Я прячу рюкзак с одеждой в кусты, обращаюсь в некрупного медведя, скорее в медвежонка-подростка, протыкаю когтями рыбину и топаю к ущелью. Немного неудобно в теле неуклюжего медведя, всё же я привык к волчьим повадкам.
Осторожно спускаюсь по скользким острым и влажным скалам вниз, держа в зубах рыбину. Её запах будоражит меня, хочется её слопать, ведь я ещё не завтракал сегодня. Но я сдерживаюсь – потом мне самому будет противно от сырой рыбы, ну, и я обещал Штефану.

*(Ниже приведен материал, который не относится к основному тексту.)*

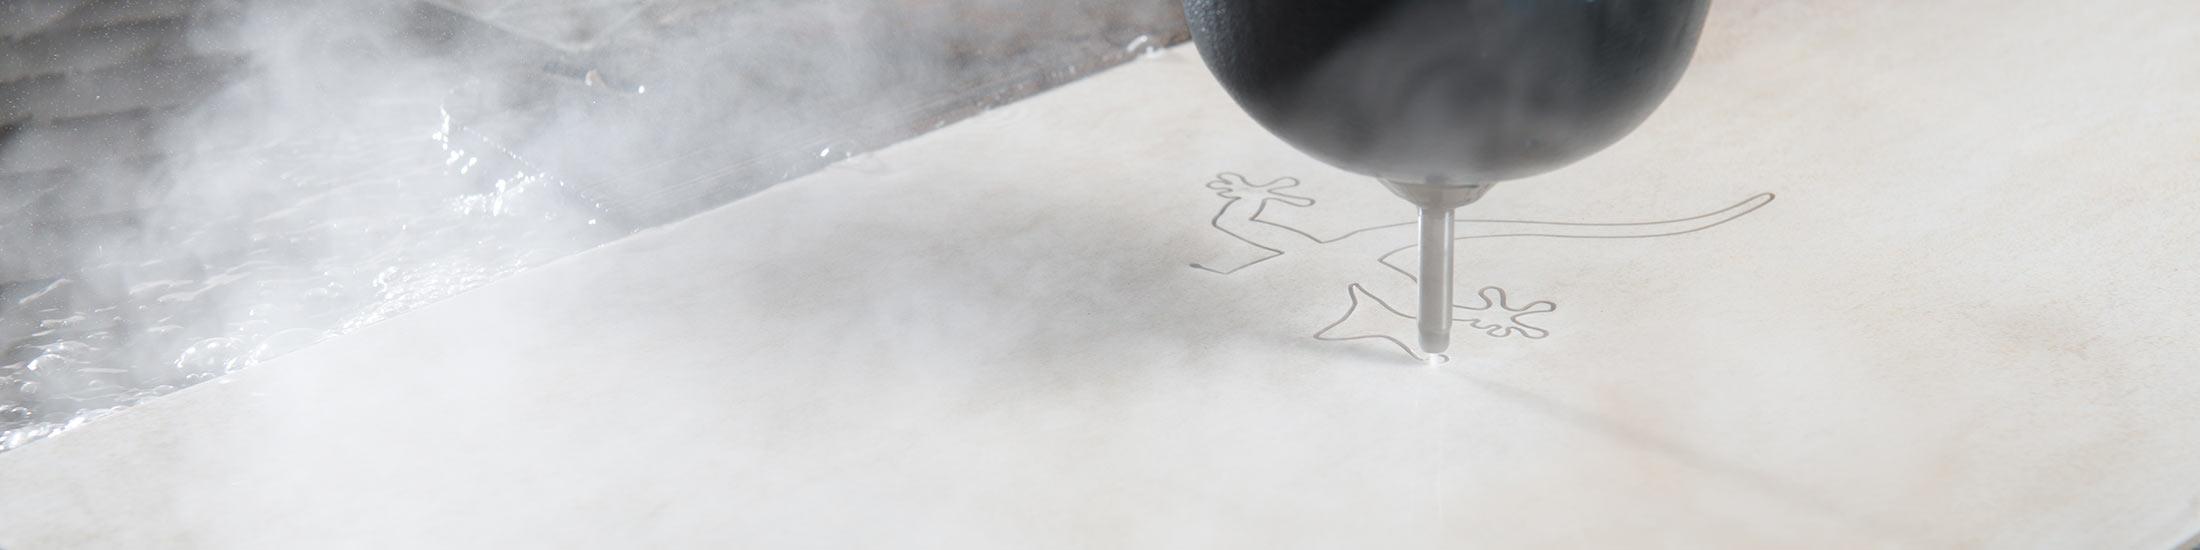 wasserstrahlschneiden von fliesen stahl glas keramik cerasell. Black Bedroom Furniture Sets. Home Design Ideas

Забираюсь на широкий камень близ воды, тут самое узкое место в теснине, скалы острыми выступами чуть ли не упираются друг в друга. Если мне оттолкнуться как следует, то вполне могу перепрыгнуть на другой берег прямо на этот пешеходный железный мостик, опоясывающий скалы. Вода с голубоватым оттенком, бурлит на порогах, пенится, от неё поднимаются пары и брызги. Через минуту моя шерстка уже увлажняется.
Сажусь мохнатой попкой на холодный камень, упираюсь пятками задних лап друг в друга, образуя круг, и выплевываю изо рта рыбину внутрь кольца, чтобы она не соскользнула в реку. Жду Штефана и его группу. Интересно, сколько сейчас времени? Ведь я оставил смартфон дома. Прикольно было б, если бы я его взял с собой. Сидел бы сейчас, играл бы в «три в ряд». Такой продвинутый мишка.

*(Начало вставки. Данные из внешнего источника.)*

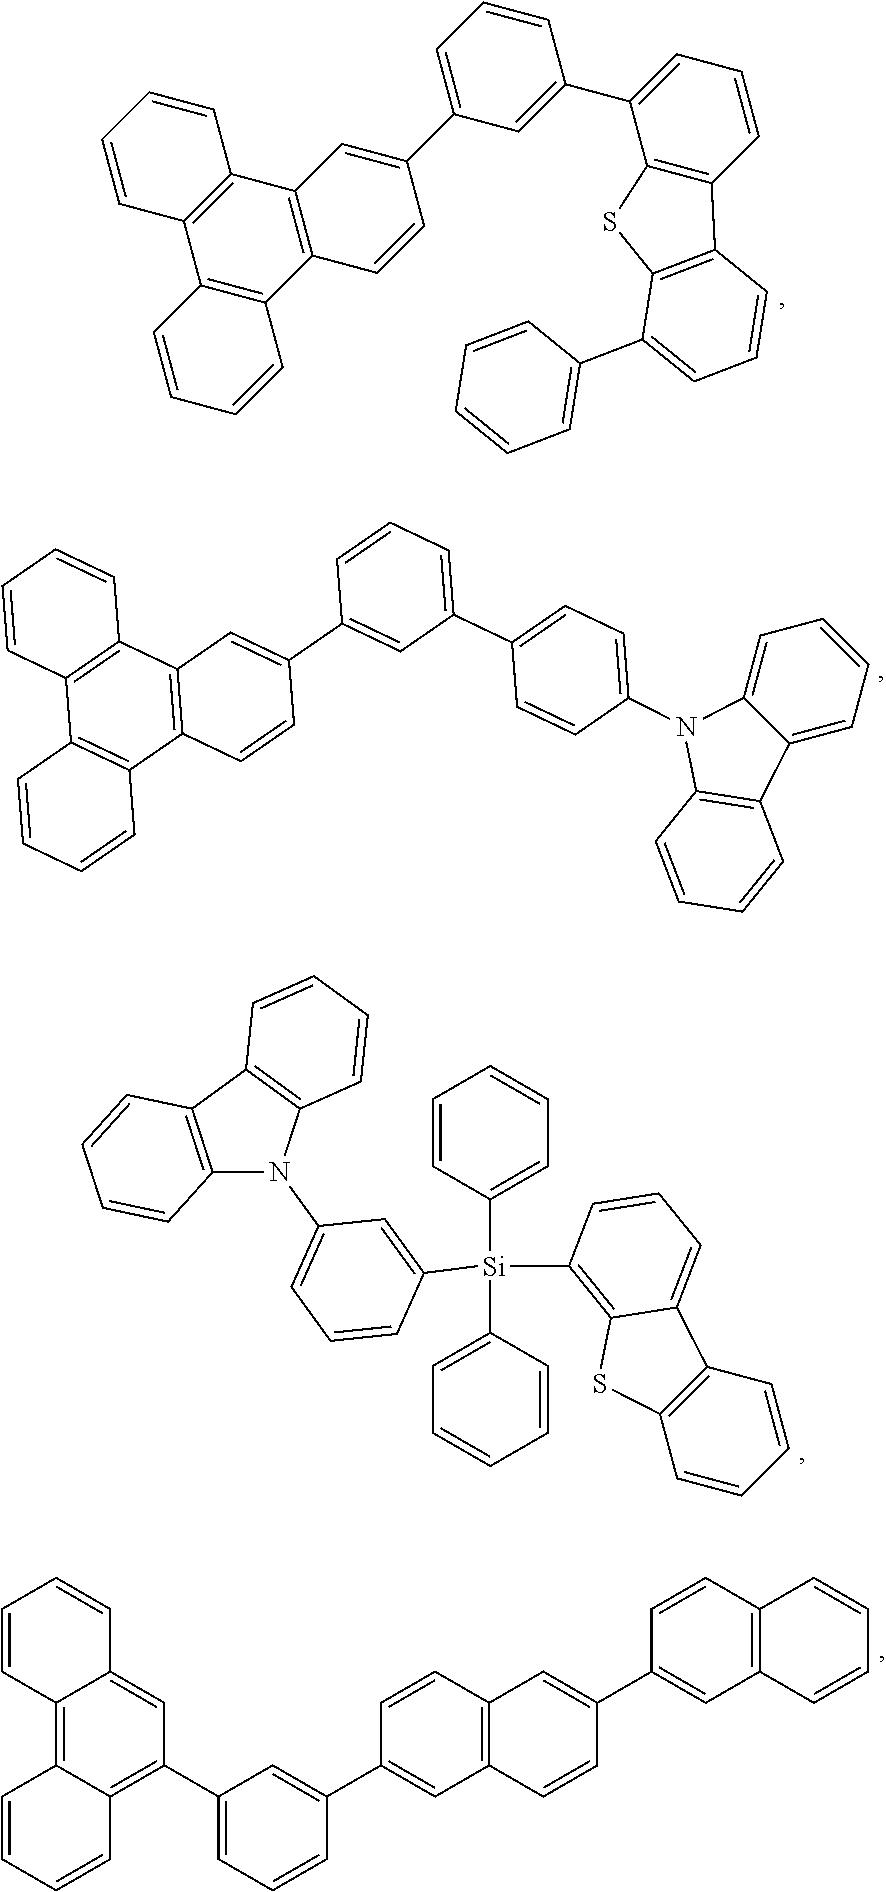 Figure US20190161504A1-20190530-C00018

Туман красивыми завитками клубится над бурливой рекой, узкой и мелкой, что вполне её можно назвать ручьем. Начинаю подвывать, эхо подхватывает мое рычание и, отражаясь от гладких скал, разносит по ущелью. Искажает и троекратно усиливает. Даже сам ежусь. Одному тут немного не по себе, не просто так же это место прозвали ущельем духов. Кто знает, может быть, они на самом деле существуют – притаились и ждут, недаром же зверь редко сюда заходит, птица не залетает, и рыба старается не попадать в это русло. Одни неразумные люди прутся в это ущелье для острых ощущений, и я такой же глупый.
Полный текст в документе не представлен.